Find financing for your small business | Business - PostBulletin.com

Find financing for your small business | Business - PostBulletin.com


Find financing for your small business | Business - PostBulletin.com

Posted: 22 Jan 2020 02:30 AM PST

Choosing the right financing option for your small business — and figuring out which ones you can get — can feel confusing or overwhelming. Over the past few weeks, I have received several requests for help regarding this topic from small business CEOs and entrepreneurs attempting to start a business.

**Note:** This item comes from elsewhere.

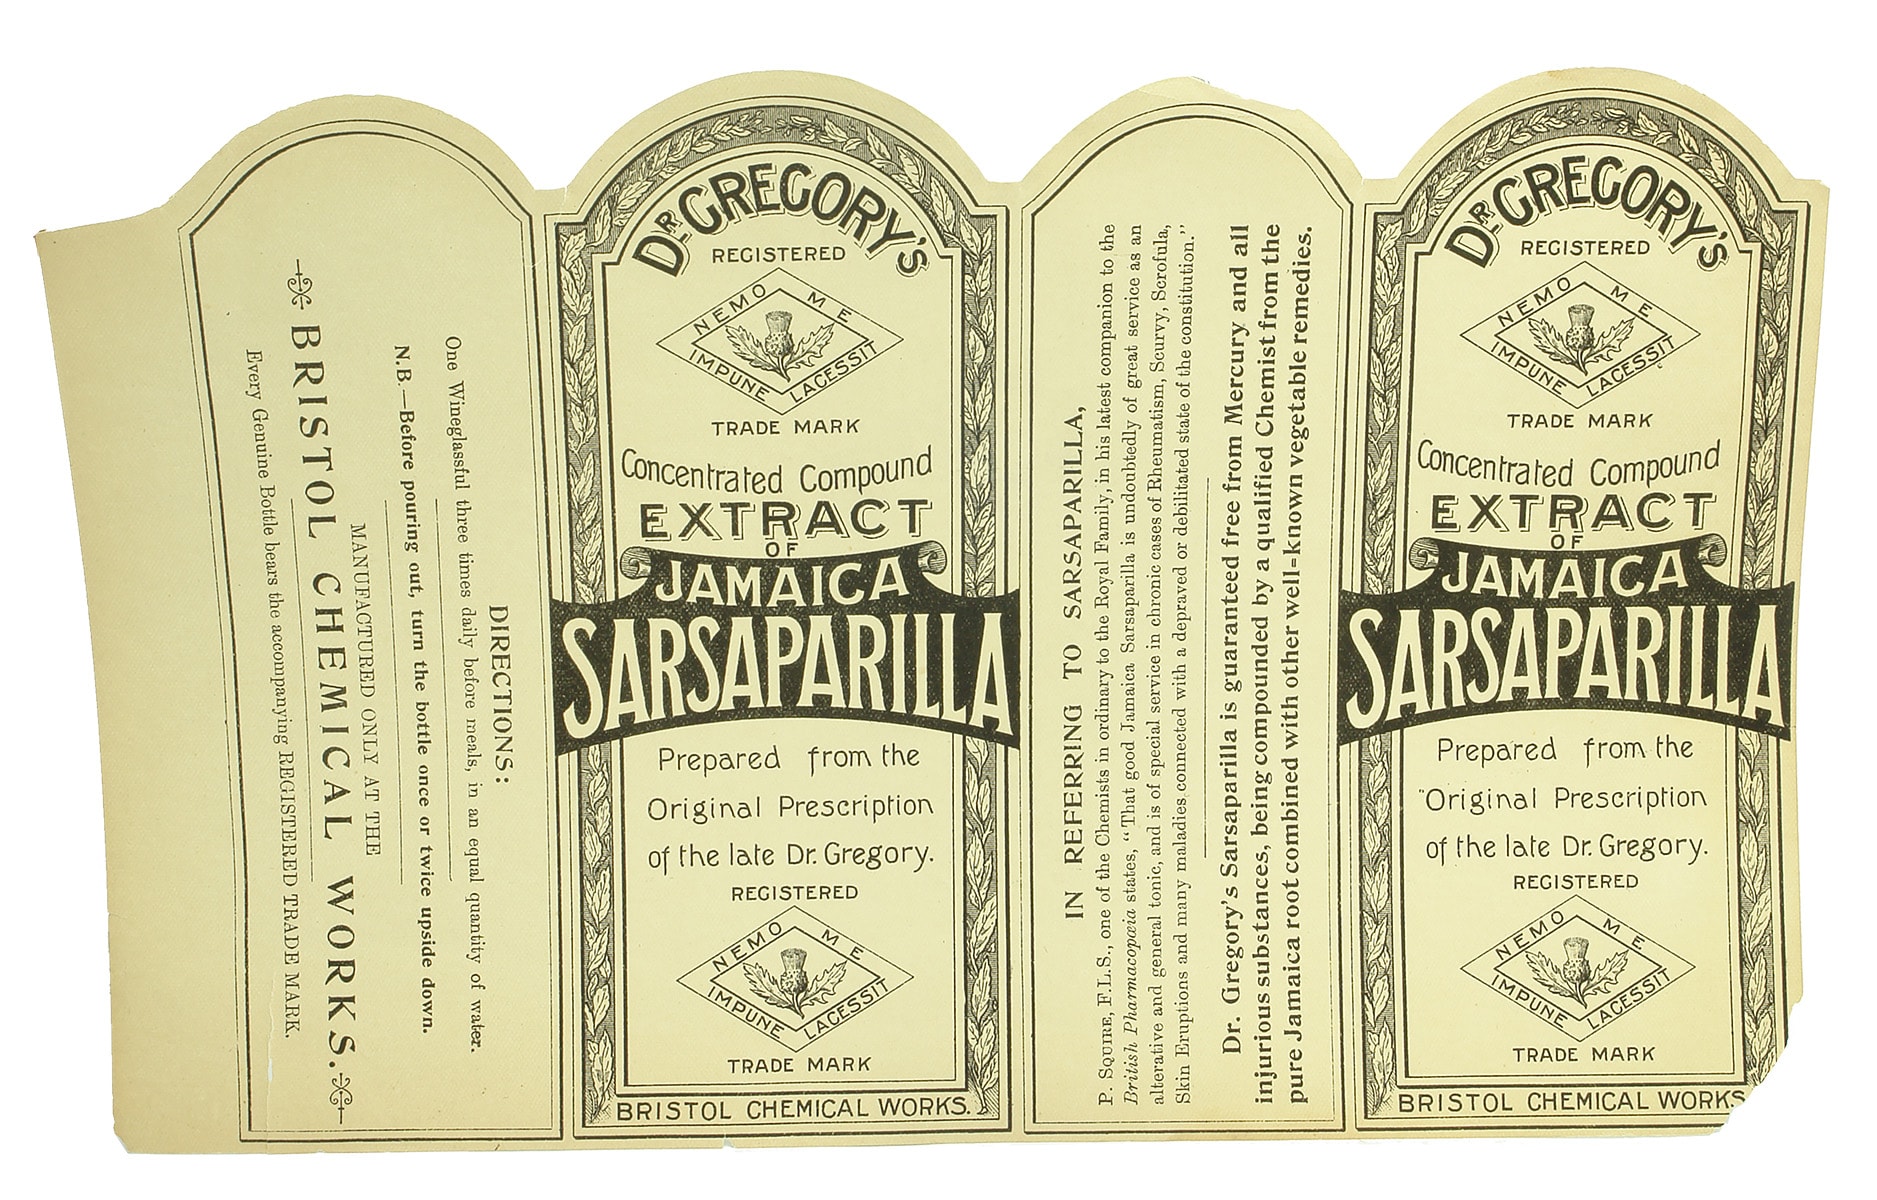 Dr Gregory's Concentrated Extract Sarsaparilla Label

This column contains some great information given to SCORE by Nav Technologies Inc., one of SCORE's many content contributors. In their 2020 Eguide called, "Where's the Money? 10 Types of Small Business Financing and How to Qualify," they suggest some key questions to ask yourself as you seek financing.

How much do I need?

How much you need might be different than how much you want, so be sure to crunch some numbers to figure out how much you need to borrow to accomplish specific goals. Also ask yourself what you might do if you are approved for more than you expected. Should you take it? If you're not sure, your accounting professional or a business adviser such as a SCORE mentor can help.

How fast do I need it?

Some types of financing, including online lending options, can be obtained in just a few hours or a few days. Others, such as traditional bank loans, including SBA loans, can take a month or more to be approved. Many fall somewhere in between.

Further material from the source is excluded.